With the official death toll climbing to 19,509, China dropped its insistence on delivering rescue and medical assistance on its own.

An elite team of Japanese rescue workers was due to arrive in the provincial capital of Chengdu late Thursday. They would be the first foreign aid workers invited to the earthquake scene, although China has been accepting international donations of money and supplies. A Taiwanese team was also expected shortly, and officials said Russian, South Korean and Singaporean teams would join soon.

The People’s Liberation Army ordered one of its largest peacetime deployments of troops. More than 130,000 soldiers were reported to have reached the disaster scene, with thousands more on their way, according to the New China News Agency.

“We will never give up hope looking for survivors,” Gao Qiang, vice minister of health, said in a news conference.

The Chinese government estimated that 4 million homes were destroyed and 10 million people were either killed, injured or left homeless. Many residential areas in the valleys are now entombed in mud, the result of landslides triggered by the tremor.

Gu Qinghui of the International Federation of the Red Cross said most of the residents of Beichuan County, once home to 13,000 people, were now feared dead.

“This whole county has been destroyed; basically there is no Beichuan County anymore,” Gu told reporters visiting the region Thursday.

Government officials and citizens found themselves pressed to their limits in coping with the aftermath of the Monday earthquake, the worst in the country in more than three decades. The government issued an emergency request for everything from cranes and bulldozers to shovels and hammers.
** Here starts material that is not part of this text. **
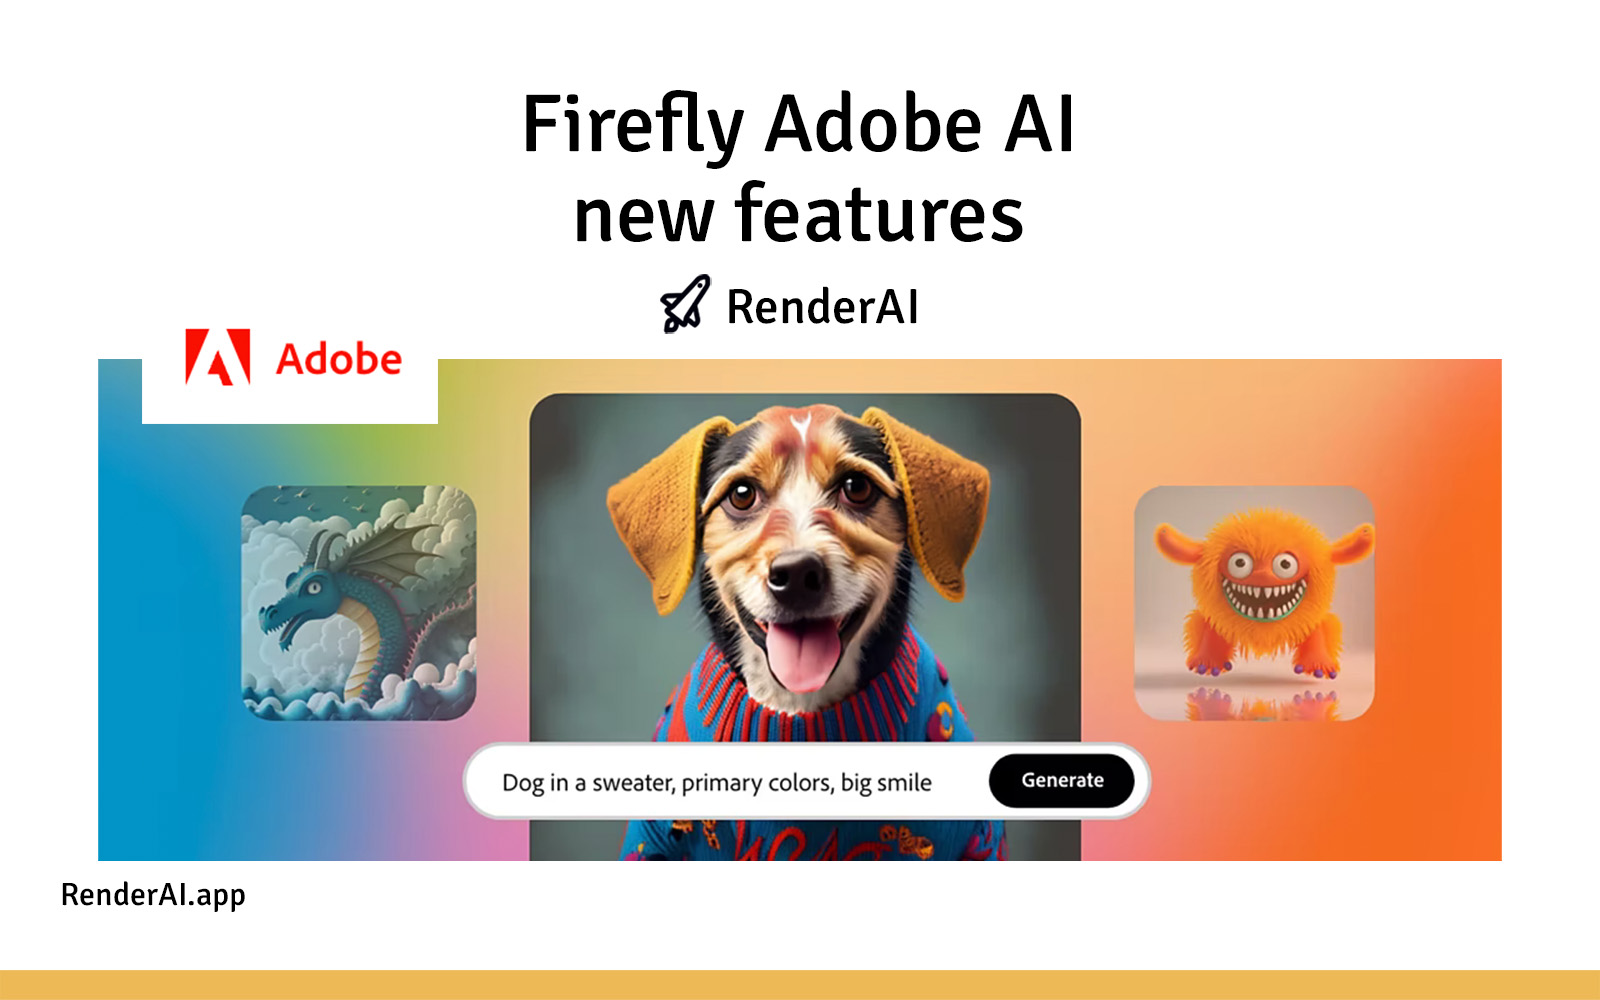 Firefly Adobe AI new features
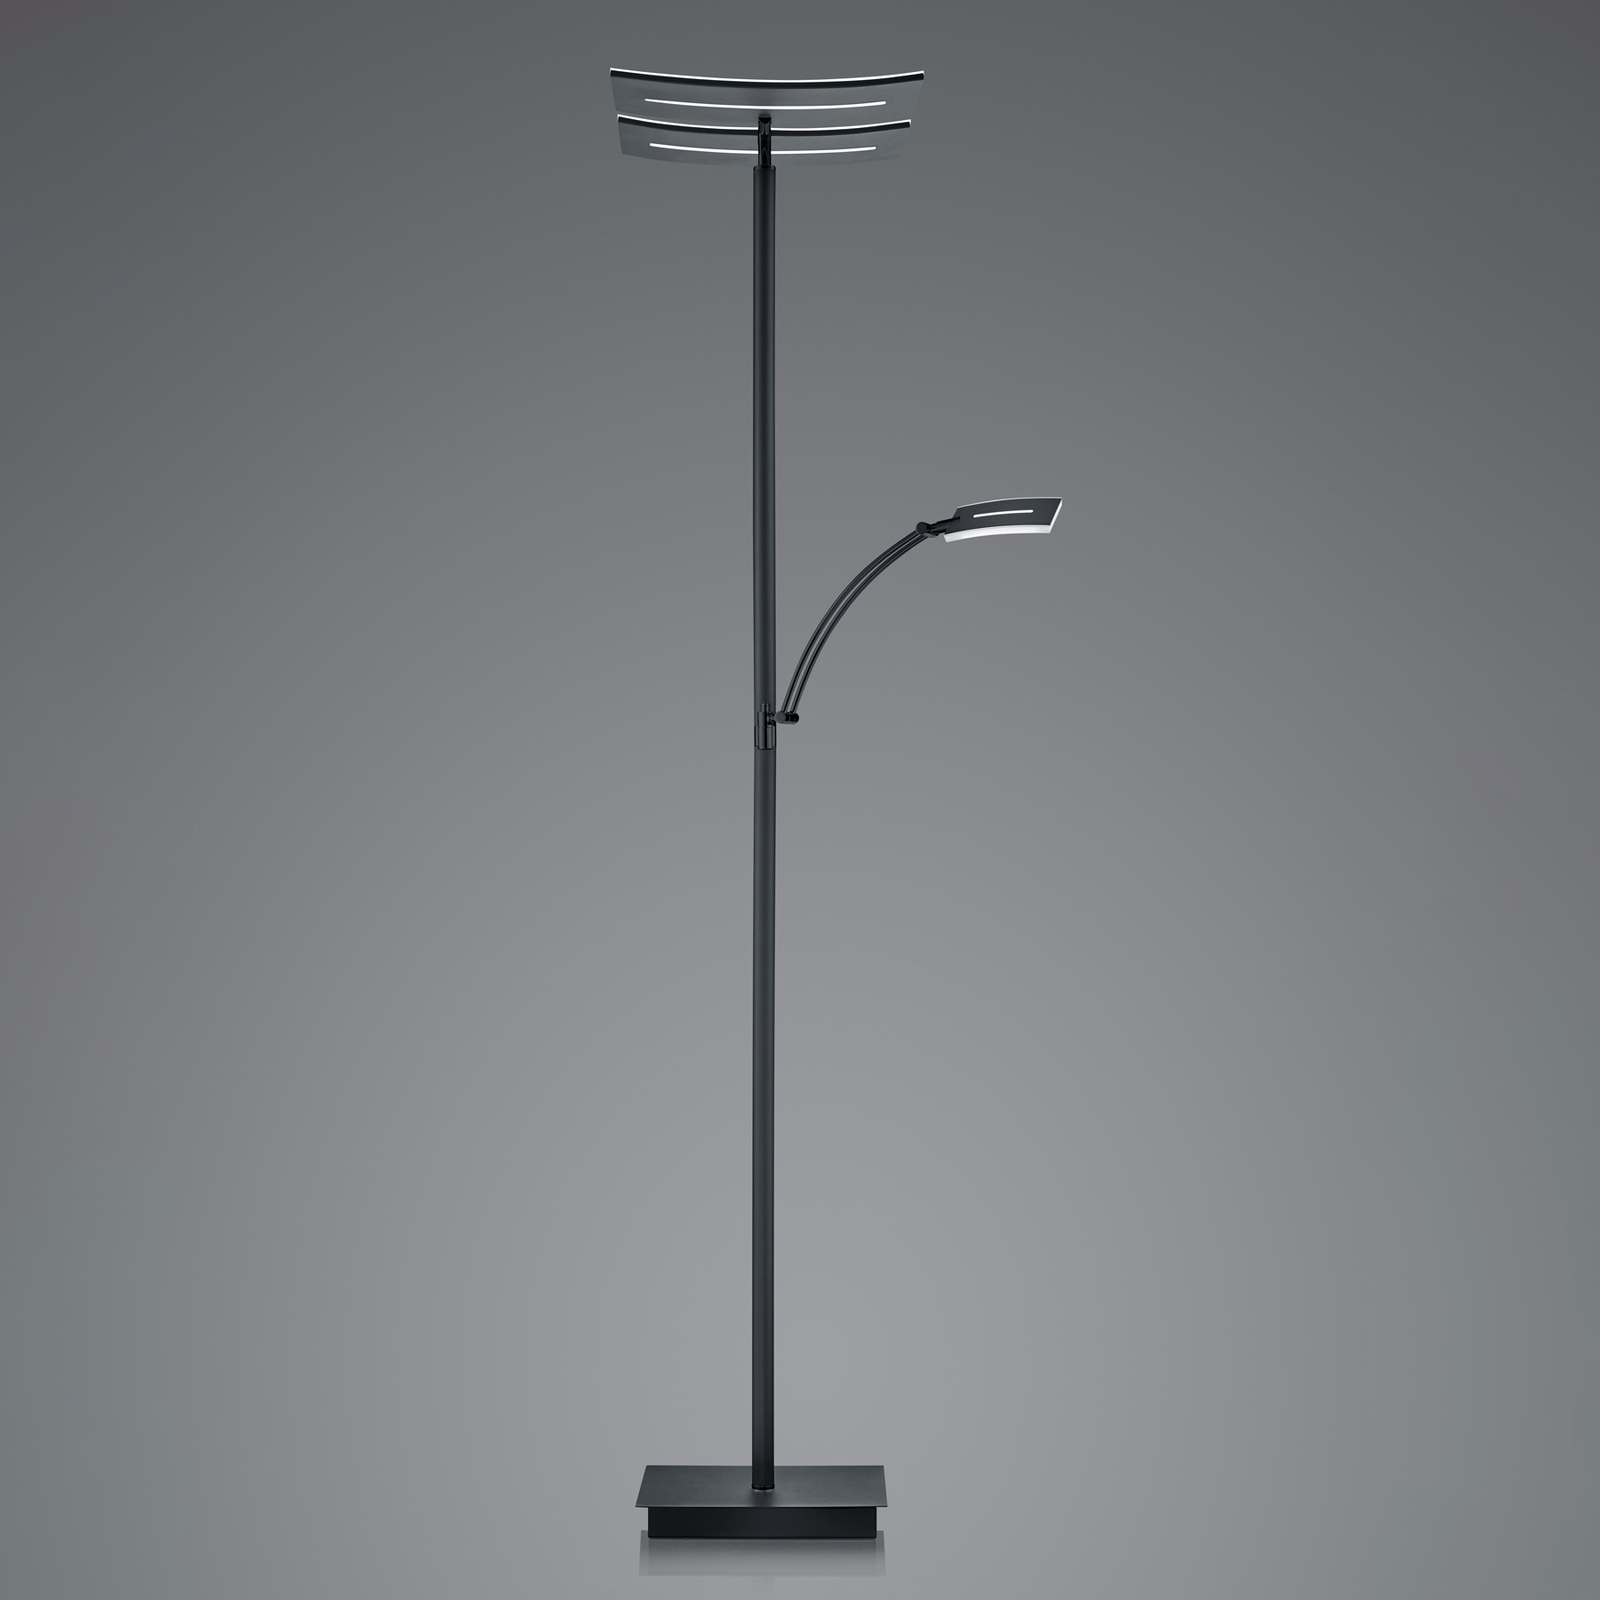 Dual LED floor lamp with a reading light, black

The rescue effort has been herculean. On the railroads alone, 56 trainloads of soldiers have been sent out along with 157 railcars of ambulances and equipment. The main highway from Chengdu to Beichuan, about 40 miles from the epicenter, had convoys of ambulances and military trucks, some stretching a half-mile long. Tents, bottled water, medicine, blankets and jackets are pouring in.

But in some areas, with many roads, bridges and rail lines damaged by the earthquake, many of the rescue workers have had to travel on foot to reach victims. Chinese mountaineering clubs have been called to send trained climbers to reach the most remote areas.

In a now familiar pattern, rescue workers have unearthed dead victims, placed them in yellow body bags, or tarps or blankets and moved them to makeshift morgues in wheelbarrels and trucks. Families have struggled to identify their relatives’ bloated bodies by the clothes they were wearing. Tens of thousands of people remained missing or homeless.

Troops dug burial pits. They repaired roads and bridges at the heart of the tragedy, mountainous Wenchuan County, which was the epicenter of the magnitude 7.9 quake. Although earthquake victims have been known to survive for more than a week, their chances dim with each passing day. Paratroopers working out of the hardest-hit areas one day pulled out 13 survivors and 125 dead from the rubble, the government said.